Carriage of Goods by Sea Act 1992
- Parliament of the United Kingdom
- Long title: An Act to replace the Bills of Lading Act 1855 with new provision with respect to bills of lading and certain other shipping documents.
- Citation: 1992 c. 50
- Territorial extent: England and Wales; Scotland; Northern Ireland; Singapore;

Dates
- Royal assent: 16 July 1992
- Commencement: 16 September 1992

Other legislation
- Repeals/revokes: Bills of Lading Act 1855
- Amended by: Communications Act 2003; Electronic Trade Documents Act 2023;
- Relates to: Carriage of Goods by Sea Act 1971

Status: Amended

Text of statute as originally enacted

Revised text of statute as amended

Text of the Carriage of Goods by Sea Act 1992 as in force today (including any amendments) within the United Kingdom, from legislation.gov.uk.

= Carriage of Goods by Sea Act 1992 =

Act of the Parliament of the United Kingdom

The Carriage of Goods By Sea Act 1992 (c. 50) is an act of the Parliament of the United Kingdom regarding bills for the lading of goods onto ships. It repealed the Bills of Lading Act 1855 (18 & 19 Vict. c. 111) and made new provisions.

==Background==
The Bills of Lading Act 1855 (18 & 19 Vict. c. 111) was commendably brief and proved useful, but as time went by certain defects became apparent. The English courts devised some ways round the problem: in Brandt v Liverpool (1924) such as the concept of implied contracts, although the courts themselves subsequently proved reluctant to adopt this concept. Nevertheless, there were difficulties relating to passing of property and passing of risk.

The Law Commission and the Scottish Law Commission addressed the issue in a report, "Rights of Suit in respect of Carriage of Goods by Sea". The report contained a draft bill which Parliament adopted in full without amendment.

===Bills of lading===

A bill of lading serves three main functions:
- it is a conclusive receipt, i.e. an acknowledgement that the goods have been loaded;
- it contains or evidences the terms of the contract of carriage; and
- it serves as a document of title to the goods, subject to the nemo dat quod non habet rule.

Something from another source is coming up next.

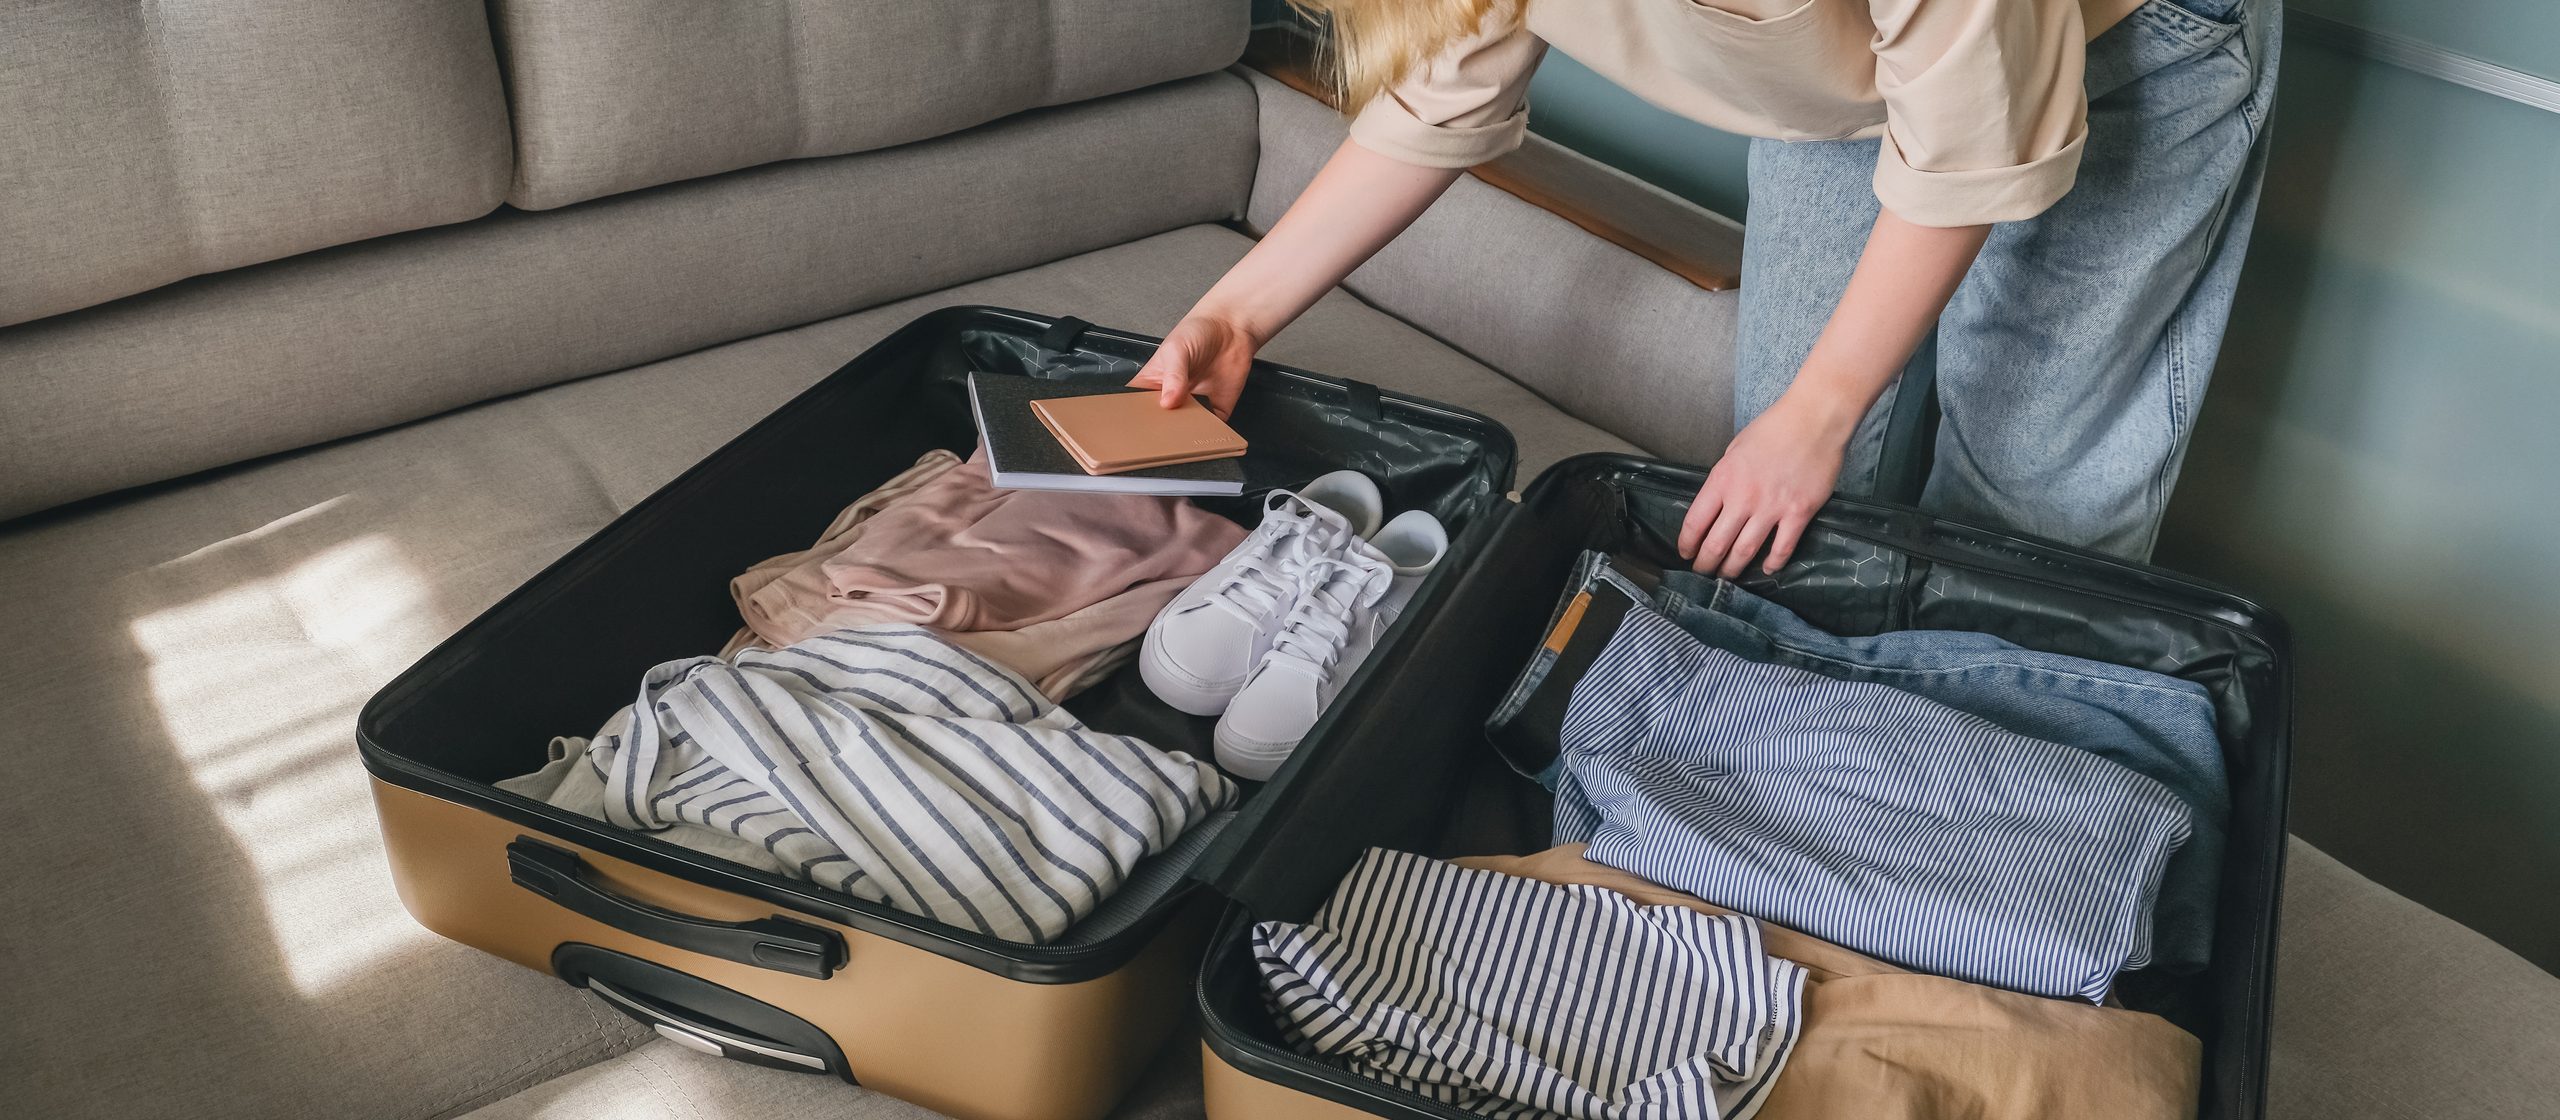 Koffer richtig packen: Tipps vom Profi

Although the term "bill of lading" is well known and well understood, it may become obsolete. Articles 1:15 and 1:16 of the Rotterdam Rules create the new term "transport document"; but (assuming the Rules come into force) it remains to be seen whether shippers, carriers and "maritime performing parties" (another new Rotterdam Rules coinage) will abandon the long-established and familiar term, "bill of lading".

==Provisions==
The statute makes provision for bills of lading and other documents of carriage, as follows:
- Section 1
  The CoGSA 1992 now applies to bills of lading, sea waybills, and ship's delivery orders. A bill of lading must be negotiable, and includes a "received for shipment" bill. This section also empowered the minister to make regulatory provision (by way of a statutory instrument) in respect of telecommunications systems and other information technology, but this provision was removed by the Electronic Trade Documents Act 2023.
- Section 2
  A person who becomes the lawful holder of a bill of lading (or sea waybill, or delivery order) shall have transferred to and vested in him all rights of suit under the contract of carriage as if he had been a party to the contract.
- Section 3
  Where such a person (s.2) takes or demands delivery of the goods (or makes a cargo claim), that person becomes subject to the same liabilities under that contract as if he had been a party to that contract.
- Section 4
  A bill of lading which represents goods to have been shipped, and which is signed by the ship's master or his agent is conclusive evidence of receipt for shipment, quashing the rule in Grant v Norway 1851.
- Sections 5 and 6
Section 5 deals with the interpretation of terms used in the statute and Section 6 provides for its short title.

=== Carriage of Goods by Sea Act 1971 ===
The Carriage of Goods by Sea Act 1971 incorporates the Hague-Visby Rules into English Law. These rules require (where the Article X invokes the Rules) that, on demand, the carrier must provide the shipper with a bill of lading that meets the requirements of Article III. Although the 1992 act cannot amend the Hague-Visby Rules, which are an International Convention, section 4 of the 1992 act upgrades the status of a bill of lading to be conclusive evidence of receipt for shipment.